Some believe that Jehoahaz was simply the more popular of the brothers among
the leaders in Judah. Others point out that Eliakim or Jehoiakim was simply unfit
to lead the nation and that his father and the leaders of Judah understood that
fact when they made Jehoahaz king in 609 B.C.E.
Jehoiakim
was an angry man. But when Egypt took his younger brother, the now King of
Judah, Jehoahaz, into captivity only three months into his reign, the nation was
forced to turn to the violent Eliakim as their king. There was another brother,
but Zedekiah was still just a young boy. He would ascend to the throne and
serve as the last king of Judah after the death of Jehoiakim and the removal of
Jehoiakim’s son, Jehoiachin, by the Babylonians.
After he
became king, Jehoiakim wasted little time displaying that he was not his father’s
son. He overturned all of the reforms of his father, Josiah. Jehoiakim was a godless
man who feared little, other than the Babylonians, and his respect for them was
likely all show. He ruled Judah as a tyrant. He murdered everyone he didn’t
like, and Jerusalem was filled with the blood of the innocents (2 Kings 24:4). He
maintained incestuous relationships with his mother and other women in the
family. He seemed to regularly burn scrolls of scripture that he disagreed with
or that he thought might hold him in an unflattering light. He even tried to
reverse his Jewishness by restoring the foreskin stolen from him by his
circumcision as a child.
And then,
Jehoiakim died. That he died in 598 B.C.E. is really the only thing that we can
say for sure. The book of Kings simply says that he rested with his ancestors.

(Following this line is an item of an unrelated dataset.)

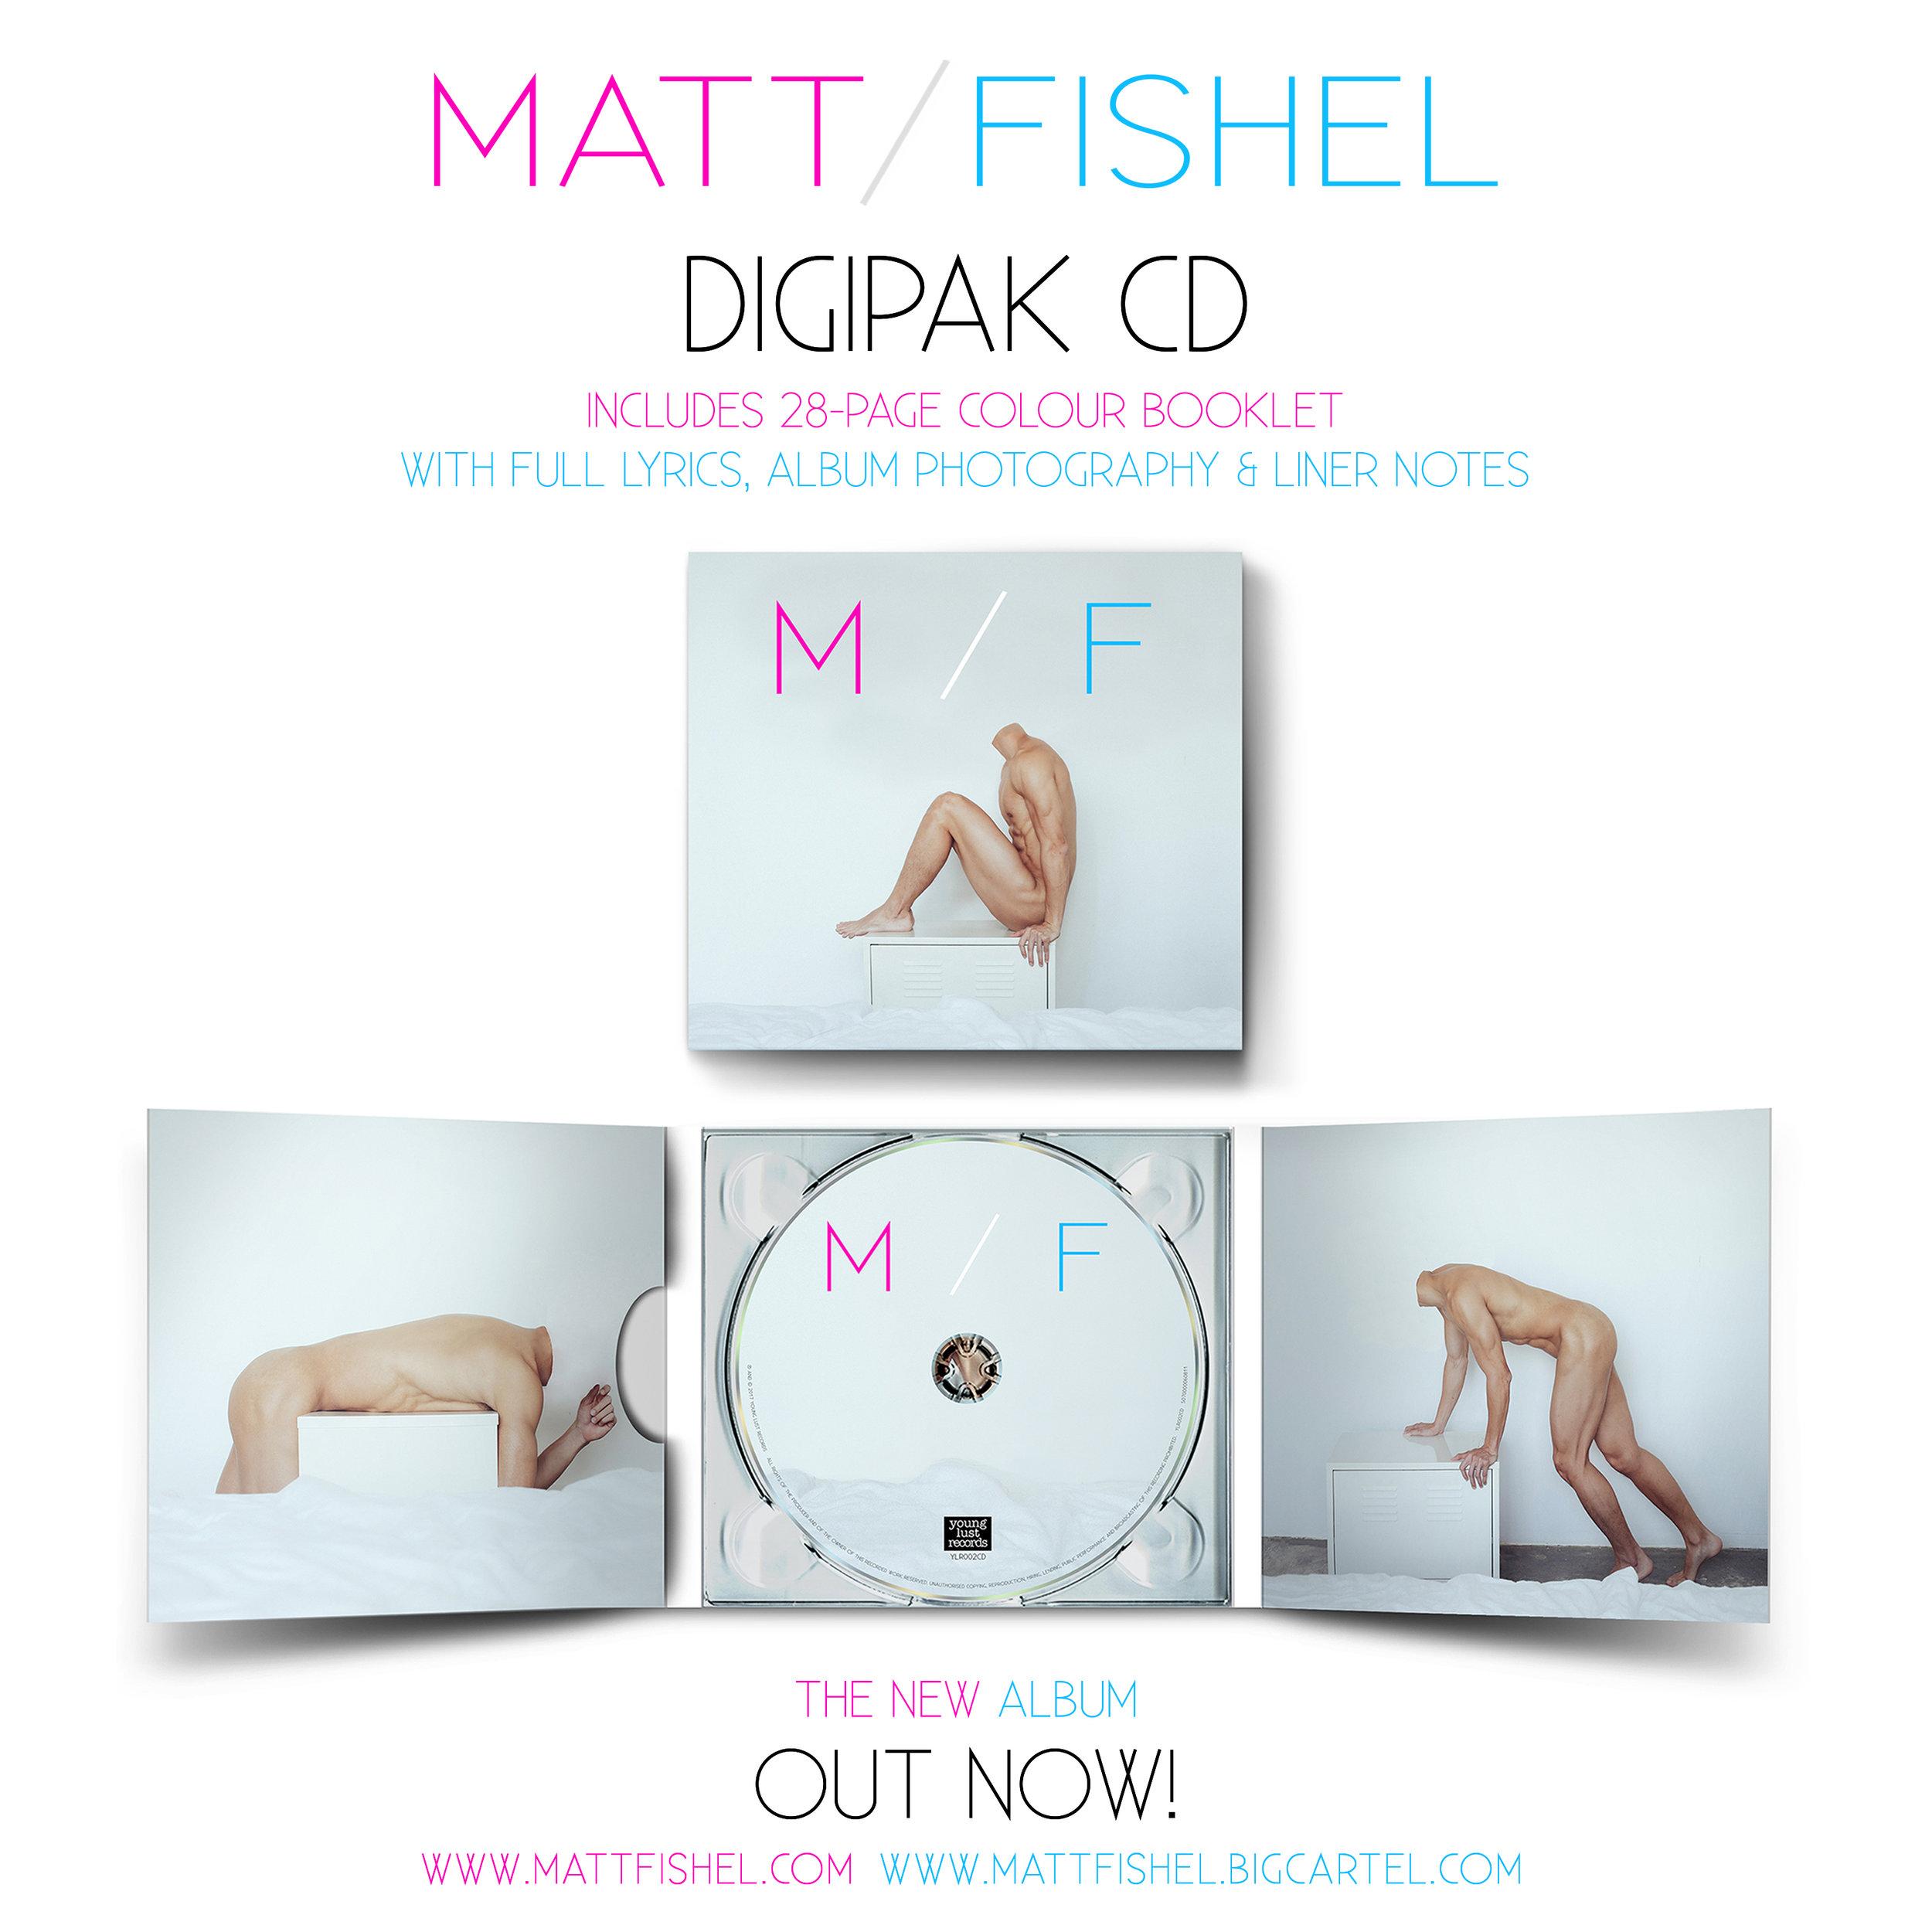 Matt Fishel_MF_OUT NOW_CD_1.jpg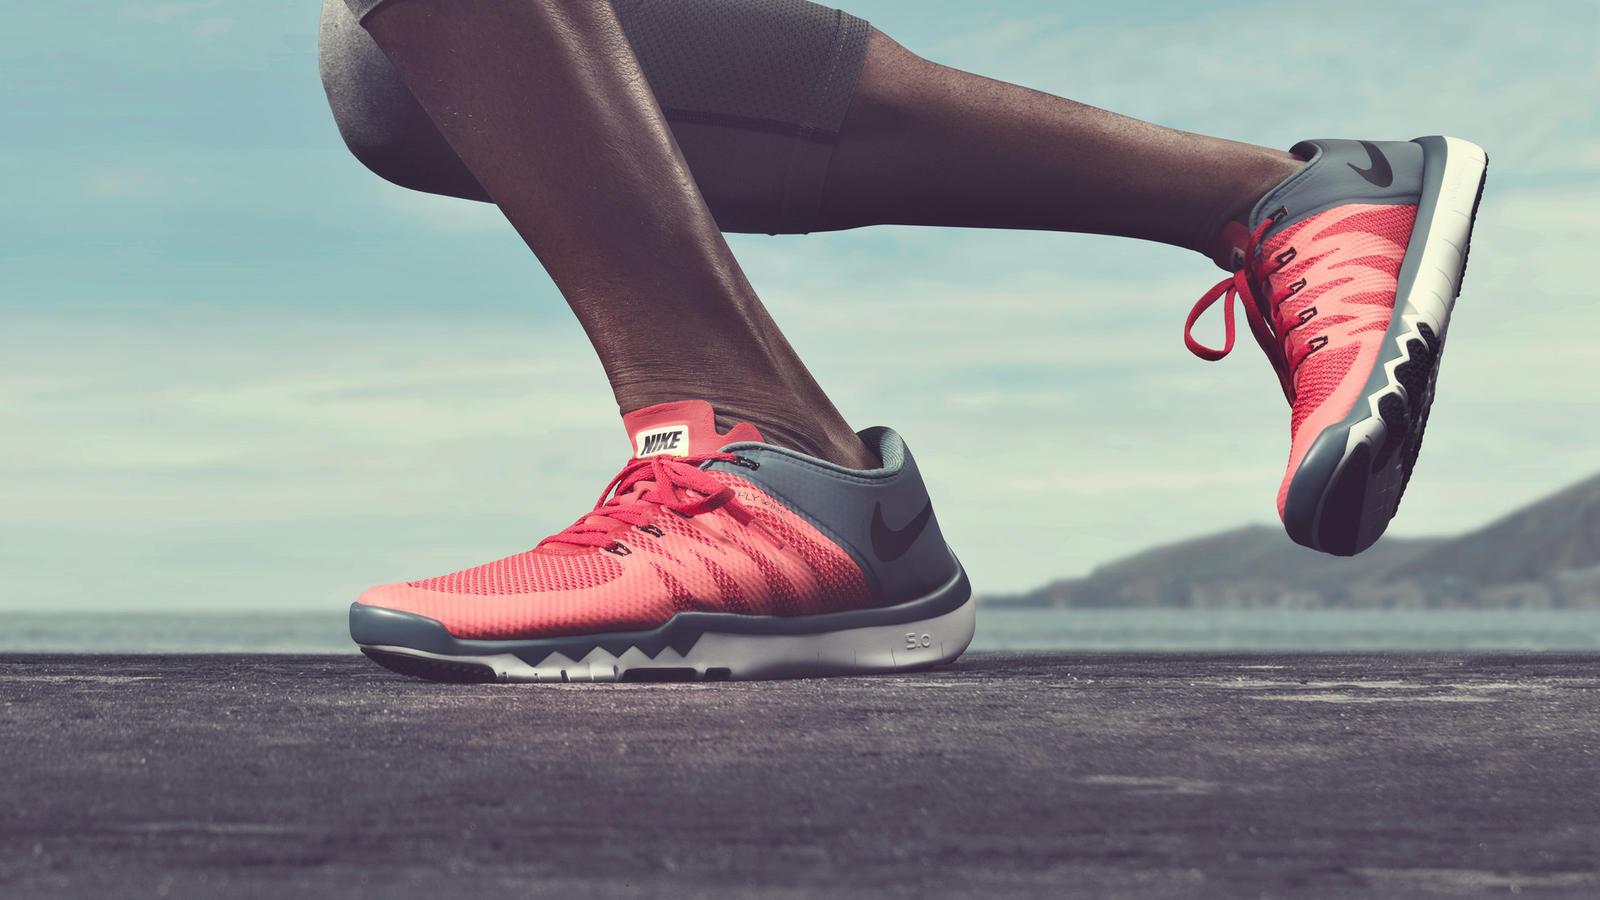 Download Nike 5.0 Free Trainers  JPG

But the death of Jehoiakim was not likely that peaceful. And the Bible is not
in complete agreement as to how the king died. Some argue Jehoiakim died in
Jerusalem while the Sanhedrin was deliberating about whether or not the King
should be turned over to the Babylonians. After his death, the leaders of
Jerusalem unceremoniously threw his body over the wall to the waiting Babylonians
to do as they saw fit with the former King of Judah.
Another version
of the death of Jehoiakim argues that he died being let down over the wall to
the waiting Babylonians, maybe at the hands of the Babylonians themselves. Probably
the most gruesome of the possible fates of Jehoiakim is that he was handed over
to the Babylonians, where he was paraded in dishonor throughout the nation. When
the tour had finished, the King was executed, and his body was either fed piece
by piece to the dogs, or it was placed inside of a dead donkey and left for the
animals to devour.
At some point,
it seems that someone recovered the body of the King and brought it back to Jerusalem.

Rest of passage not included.